Results of accuracy of predictions from models on binary outcome variable:
| MODEL | DATA | TOTAL ACCURACY | HEALTHY | UNHEALTHY |
|---|---|---|---|---|
| logit 1 | unbalanced | 0.844 | 0.997 | 0.015 |
| logit 1 | balanced | 0.837 | 0.986 | 0.037 |
| logit 2 | unbalanced | 0.843 | 0.997 | 0.016 |
| logit 2 | balanced | 0.778 | 0.886 | 0.198 |
| probit 1 | unbalanced | 0.843 | 0.998 | 0.016 |
| probit 1 | balanced | 0.531 | 0.531 | 0.525 |
| probit 2 | unbalanced | 0.842 | 0.994 | 0.024 |
| probit 2 | balanced | 0.532 | 0.520 | 0.594 |
Results of accuracy of predictions from models on nominal/ordinal outcome variable:
| MODEL | DATA | TOTAL ACCURACY | UNDERWEIGHT | HEALTHY | OVERWEIGHT |
|---|---|---|---|---|---|
| ordered logit 1 | unbalanced | 0.842 | 0.020 | 0.999 | 0.000 |
| ordered logit 1 | balanced | 0.097 | 0. 967 | 0.026 | 0.028 |
| ordered logit 2 | unbalanced | 0.843 | 0.022 | 0.998 | 0.002 |
| ordered logit 2 | balanced | 0.156 | 0.945 | 0.096 | 0.052 |
| mlogit 1 | unbalanced | 0.843 | 0.026 | 0.998 | 0.001 |
| mlogit 1 | balanced | 0.427 | 0.676 | 0.446 | 0.006 |
| mlogit 2 | unbalanced | 0.843 | 0.027 | 0.998 | 0.002 |
| mlogit 2 | balanced | 0.490 | 0.749 | 0.512 | 0.032 |
| bayes 1 | unbalanced | 0.842 | 0.749 | 0.512 | 0.032 |
| bayes 1 | balanced | 0.075 | 0.749 | 0.512 | 0.032 |
| bayes 2 | unbalanced | 0.842 | 0.749 | 0.512 | 0.032 |
| bayes 2 | balanced | 0.100 | 0.749 | 0.512 | 0.032 |
None of the models yielded satisfying results.
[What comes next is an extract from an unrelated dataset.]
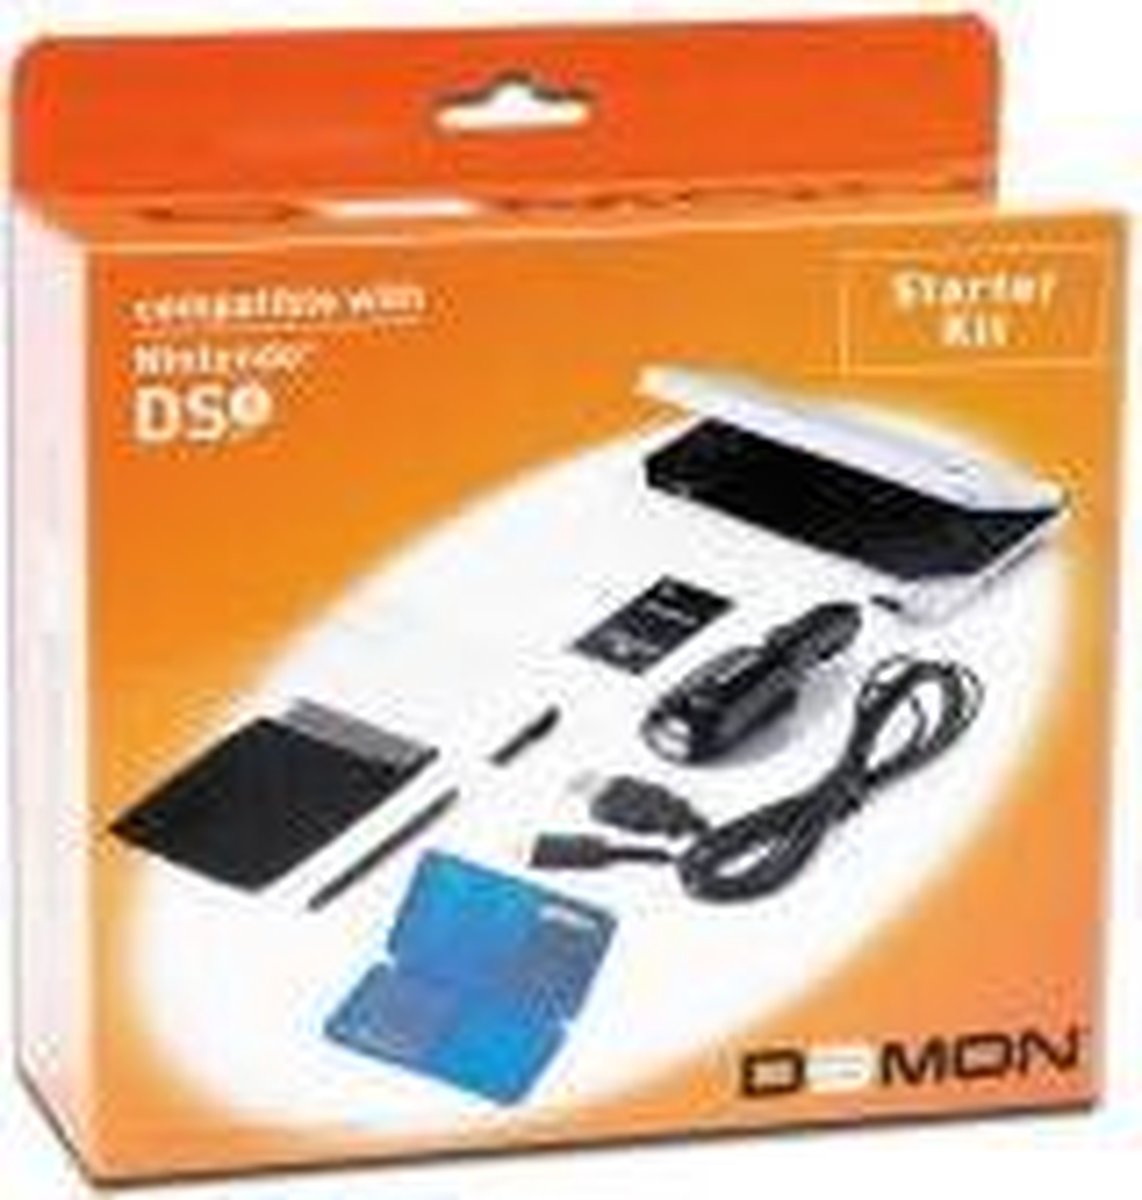 DSi Starter Kit - D3MON - D3MON

We can see a huge differece in predictions between balanced and unbalanced samples. Even though the scores for total accuracy are quite good, a lot of them over 80%, when we take a closer look at the accuracy for predicting particular classes we see significant differences between them. For some models predicting binary outcome variable the accuracy is around 50% which is equal to the probability of randomly assigning two classes to the observations. In the models predicting nominal variables the accuracy is very uneven between classes, some models achieved less than 10% total accuracy which is also less than the probability of randomly assigning classes. Our final conclusion would be that in available dataset the independent variables do not predict the dependent variable and therefore the model cannot be constructed based on them.